3.14.2013

You have a Friend in Me

A couple of months ago, my jolly friendly parking attendant was replaced by two strangers. They were rude and they did not understand the arrangement that I had previously made with the other attendant and attendants before him. I found them generally annoying and had to keep myself from uttering names under my breathe after interacting with them. In fact when I drove into the parking lot, I often thought, ooh I have to deal with tweedle dee and tweedle dum. I felt that because they refused to understand me, they were intent on simply making my parking time unbearable. I was highly unpleased with them.

Then one day it hit me that these two are probably someone's father and possibly grandfathers. I saw one of them pull into the parking lot shortly afterwards and he had a Marines sticker on his car. I started noticing various things about the men that made them less...annoying.  I decided to adjust my attitude and the next morning, like I'd done with the previous attendant, I waved to them when I drove in and said a cheery good morning when I handed them my payment. The next day I noticed they waved first as I entered the parking lot and we exchanged greetings. All of a sudden my painful interaction had became a friendly place. With a simple attitude shift, I had made new friends.

I remember going to the market with my mom as a kid and she seemed to know soo many people! We would generally leave the house around 5 am to get the freshest vegetables...it was usually too early to be coherent let alone friendly, but my mom made her stops around the market and talked to her "friends". I learned as I got older that these women were virtually strangers to her, but for the purposes of her shopping experience, they were her friends. They had little nicknames for her and she always had something to tease them about.

We tend to treat people differently once they lose the mystical strangeness about them. During traffic my anger quickly dissipates if the person that just cut me off turns out to be someone I know. This has happened on several occasions with friends and coworkers who were just in a hurry. I've dismissed it with justifications of inattentiveness, which is generally unlike the irritation I feel towards all the other strangers on the road. We tend to forgive faster and not get so worked up when there is a connection with the other person.

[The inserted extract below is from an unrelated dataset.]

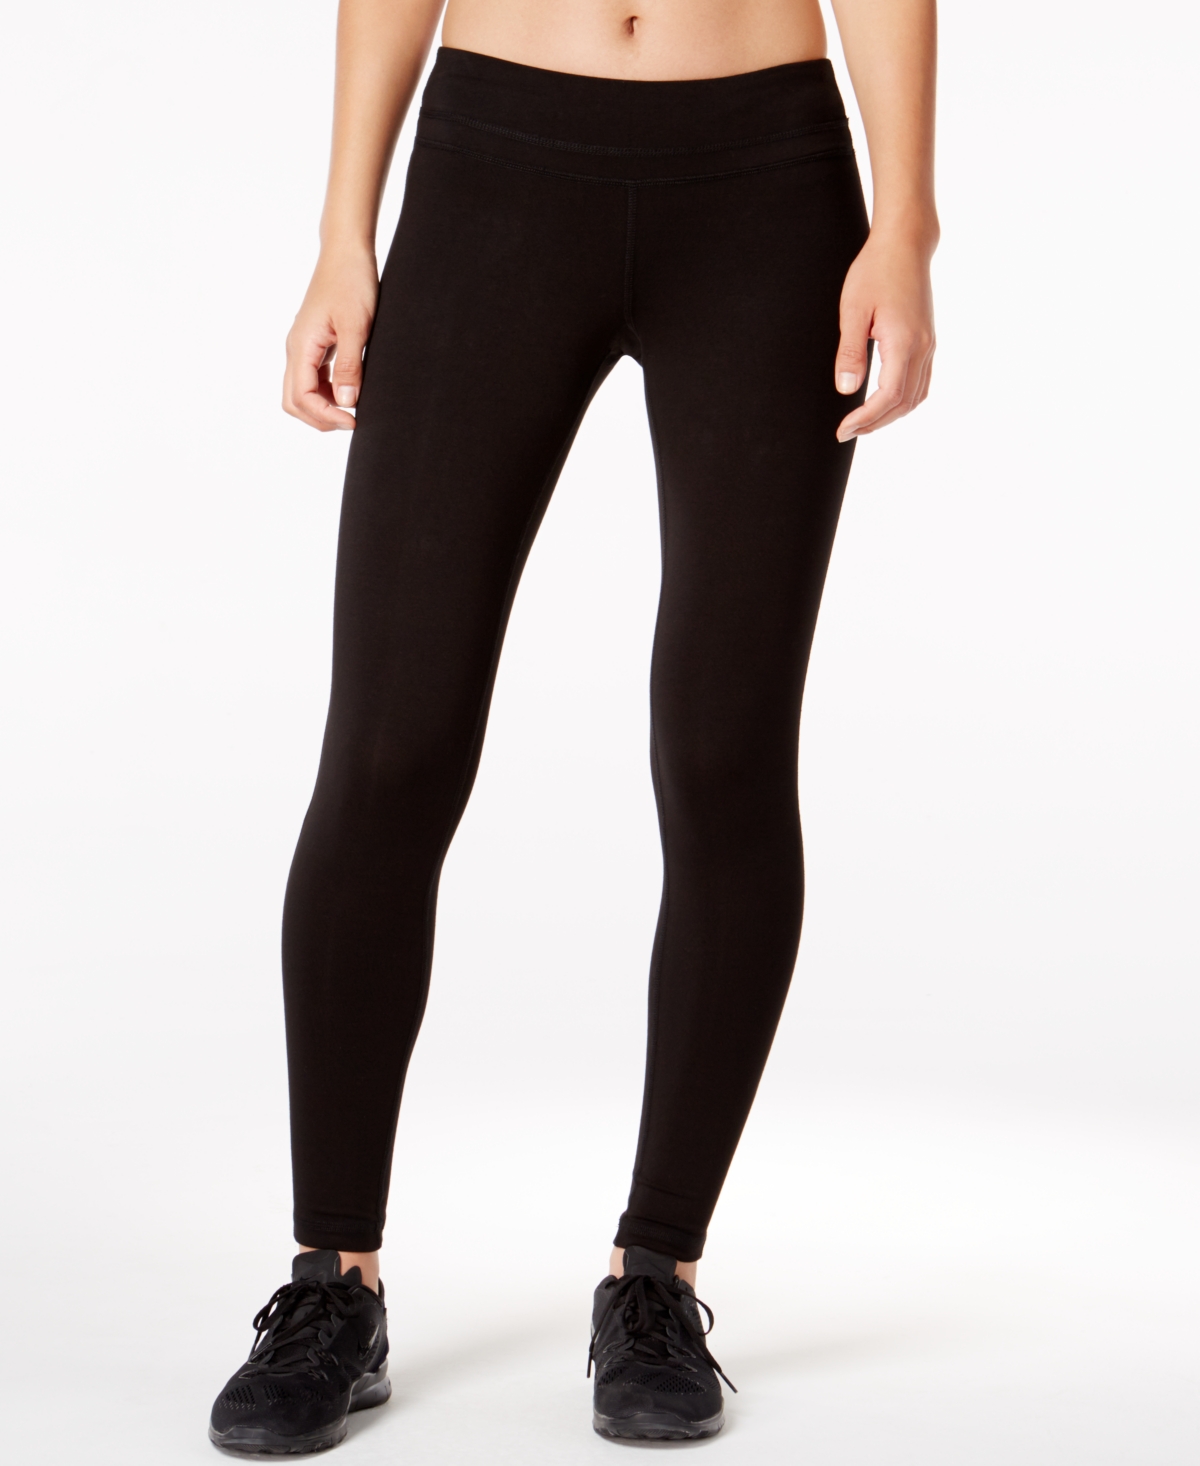 Women's Essentials Stretch Active Full Length Cotton Leggings, Created for Macy's - Black

I find that making this application to all aspects of my life can be very beneficial. Of course I do not have to trust everyone I encounter or make friends with everyone, but by seeing others as people and not barriers, harmful creatures of the other world or roadblocks in life, I can get to my destination with so much less stress and anguish.

Park Geun-hye
So a few weeks ago when I drove into the parking lot, I asked one of the gentleman whose name I now know, what's new, as  he was reading the newspaper. He informed me that South Korea had just sworn in a new president...and she's a woman. Wow! I learned something new.